2. The Mathematical Foundation
Here’s the core idea in one equation. Don’t let the math scare you – I’ll break it down:
MAP estimate = argmax P(θ|data) = argmax P(data|θ) × P(θ)
Let me translate this into plain English:
- P(data|θ), aka Likelihood: “How likely is our data given a specific parameter value?”
-
P(θ), aka Prior: “What did we believe about θ before seeing any data?”
-
P(θ|data), aka Posterior: Your updated belief after seeing the data, which is, “What’s the probability of our parameter θ given the data we observed?”
MAP estimation is based on Bayes’ theorem, which you can think of as a way to update your beliefs when you get new information:
Posterior ∝ Likelihood × Prior
MAP finds the parameter values that maximize this posterior probability. The original concept was formalized by Thomas Bayes in the 18th century and later developed into modern MAP estimation by statisticians in the 20th century.
Let’s expand on the idea a little bit more.
3. Core Idea behind MAP Estimation: (I’ll try to Keep It Simple, but skip and move to the code if this is too much)
MAP estimation is a Bayesian approach to estimate an unknown parameter (θ) by finding the value that maximizes the posterior probability distribution.
- Posterior Probability (P(θ|X)):
The probability of the parameter θ given the observed data X. Computed using Bayes’ Theorem:
$$
P(\theta|X) = \frac{P(X|\theta) \cdot P(\theta)}{P(X)}
$$
- Likelihood (P(X|θ)): Probability of data (X) given θ (from your model).
- Prior (P(θ)): Initial belief about θ (e.g., in coin toss, θ is P(head) is near 0.5).
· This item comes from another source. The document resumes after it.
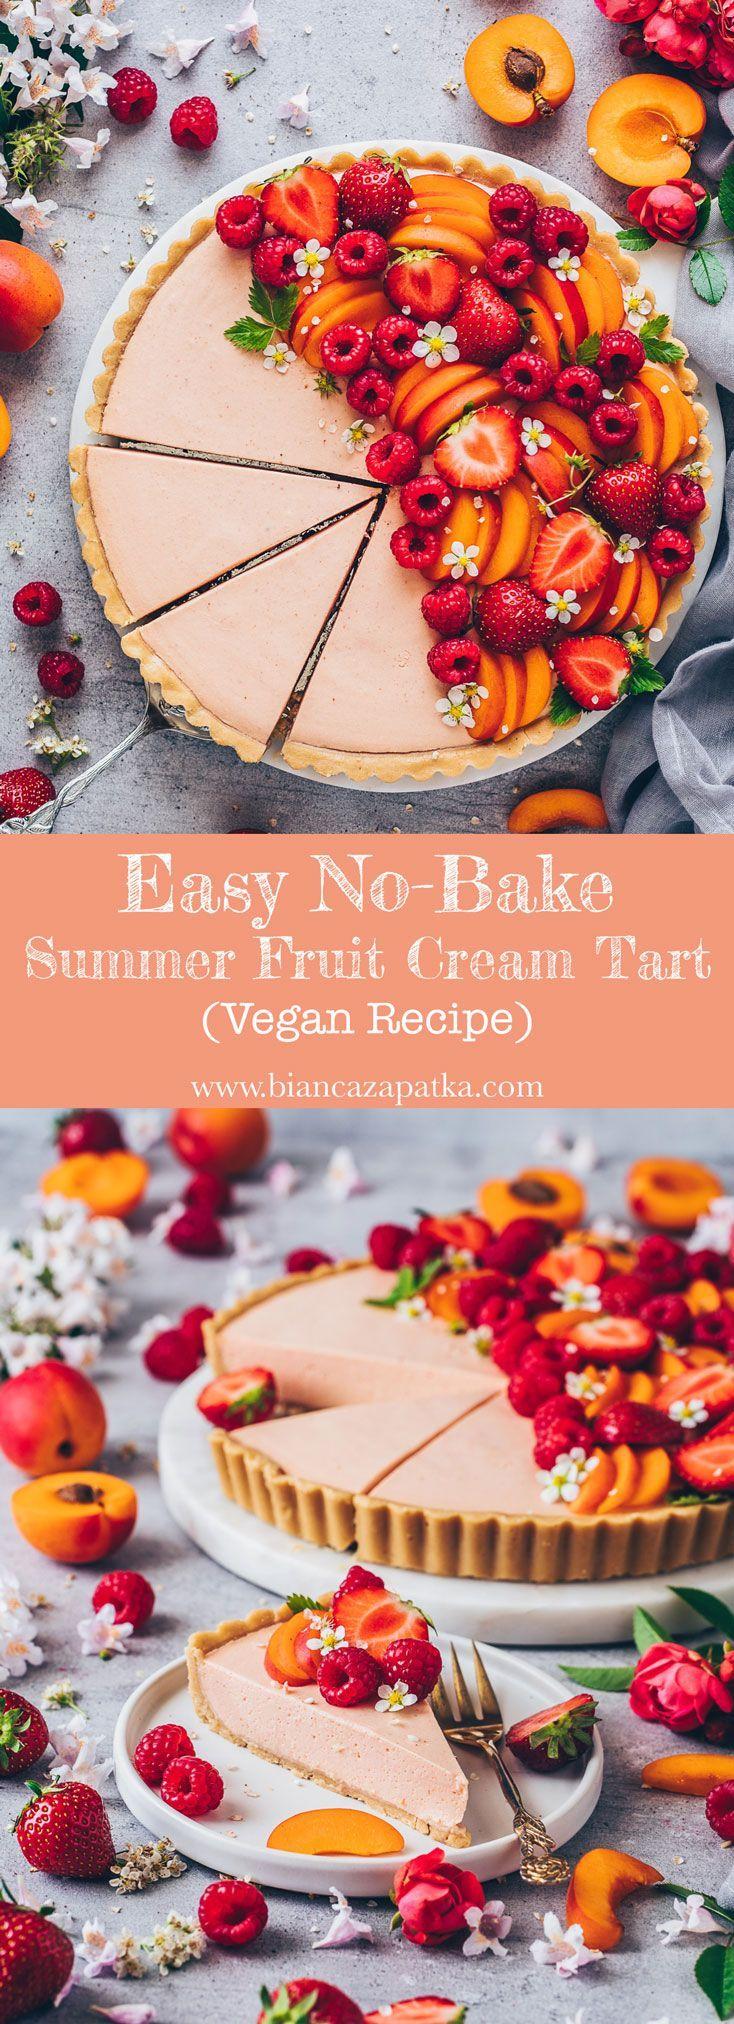 Summer Fruit Cream Tart

- Evidence (P(X)): Probability of data (is constant, independent of θ).
-
Goal of MAP:
Find the θ that maximizes the posterior probability.
$$
\theta_{\text{MAP}} = \underset{\theta}{\arg\max} \, P(\theta|X)
$$
Since $(P(X)$ in the denominator is constant, because the observed data does not change, we ignore it and maximize the numerator:
Now since the numerator contains multiplication and since the probability values are between 0 and 1, multiplying priors and likelihoods are going to give very small fractions. So, instead we take ‘log’ so that we will be able to add the values instead.
- Logarithm Trick:
Convert products to sums (easier for optimization):
$$
\theta_{\text{MAP}} = \underset{\theta}{\arg\max} \, \left[ \log P(X|\theta) + \log P(\theta) \right] $$
- $\log P(X|\theta)$: Log-likelihood (measures data fit).
- $\log P(\theta)$: Log-prior (regularizes using prior knowledge).
- Optimize:
Solve using calculus (e.g., set derivative to zero) or numerical methods.
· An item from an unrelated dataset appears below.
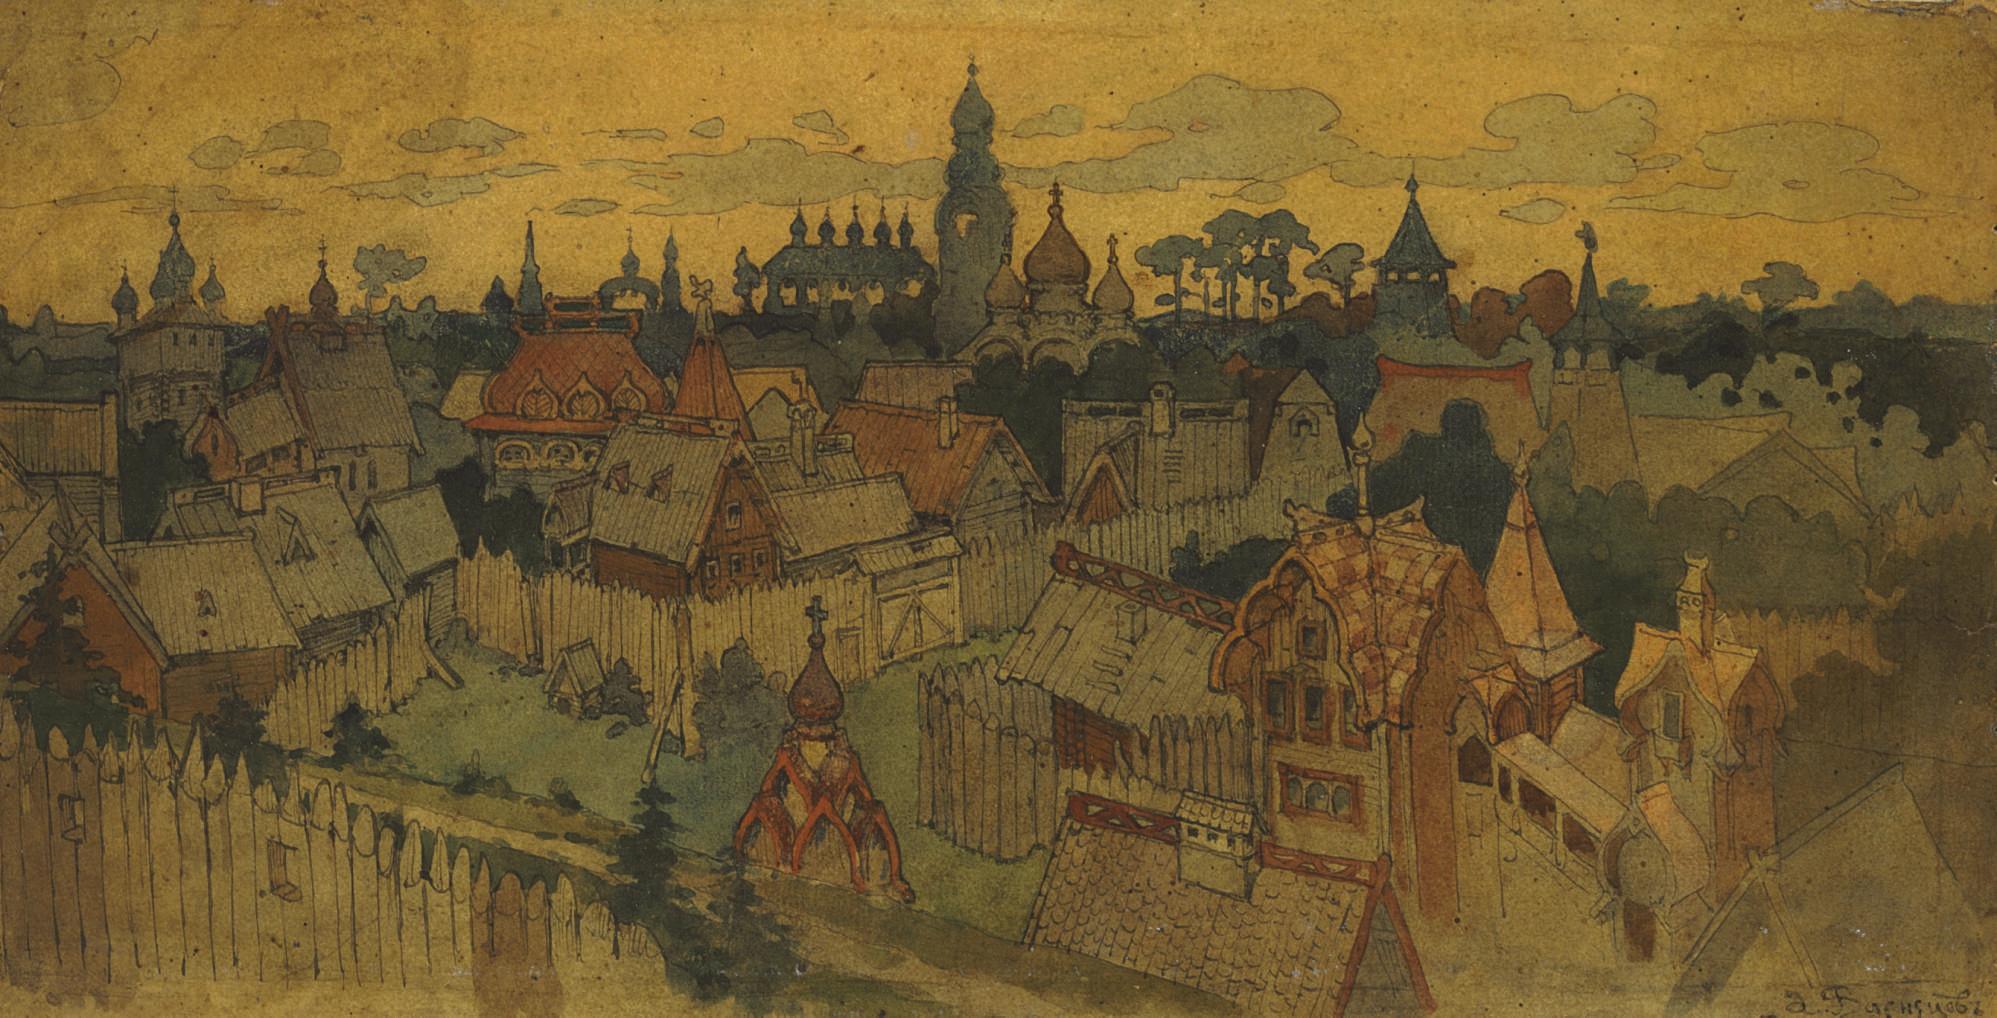 Stage design for Rimskii-Korsakov's opera The Legend of the Invisible City of Kitezh

That’s the theory, but that doesn’t do much if we are not able to relate to a practical example. So, let’s see one and then get to the code implementations.
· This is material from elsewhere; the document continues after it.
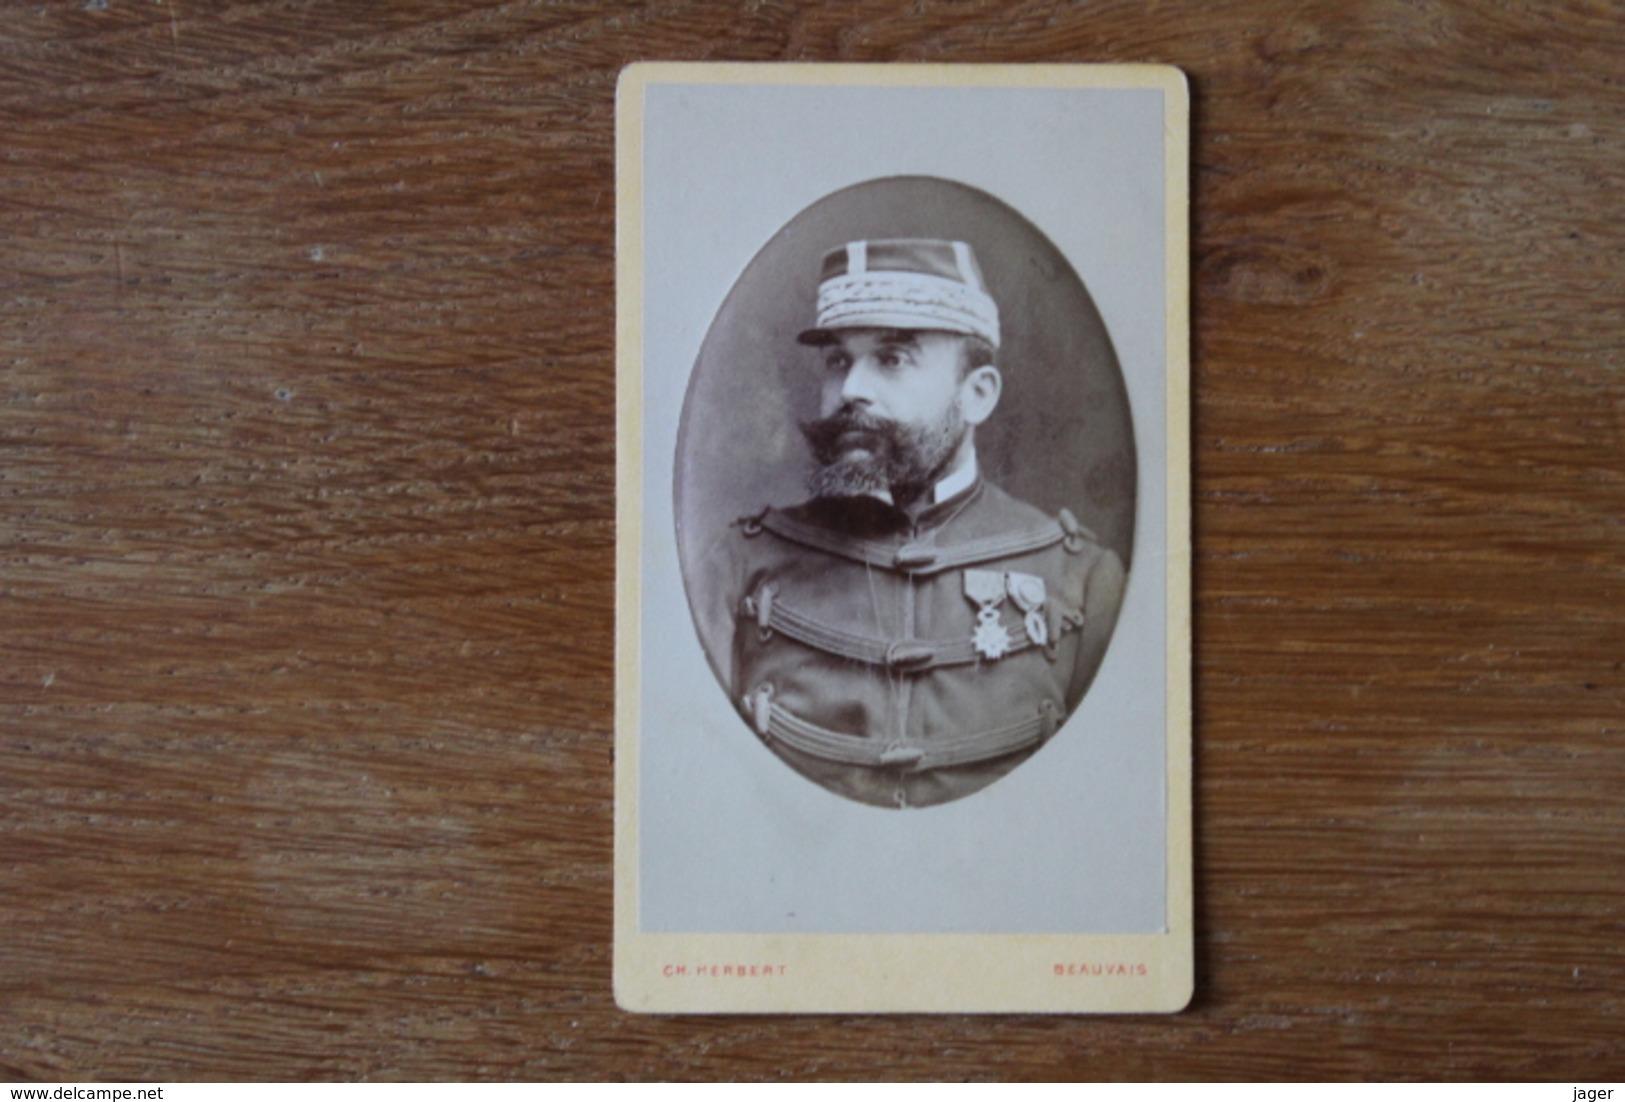 Cdv Le Generla De Pradelle Vers 1880 Kepi Brodé Par  Herbert Beauvais - Guerra, Militares

4. A Practical Explanation: The Cookie Jar Example
Imagine you have 2 cookie jars:
- Jar A: 70% chocolate chips, 30% raisins
- Jar B: 30% chocolate chips, 70% raisins
You randomly pick a jar (you don’t know which) and draw 3 cookies:
Chocolate, Raisin, Raisin
What jar did it come from?
- Your Prior Belief:
You think both jars are equally likely to be picked.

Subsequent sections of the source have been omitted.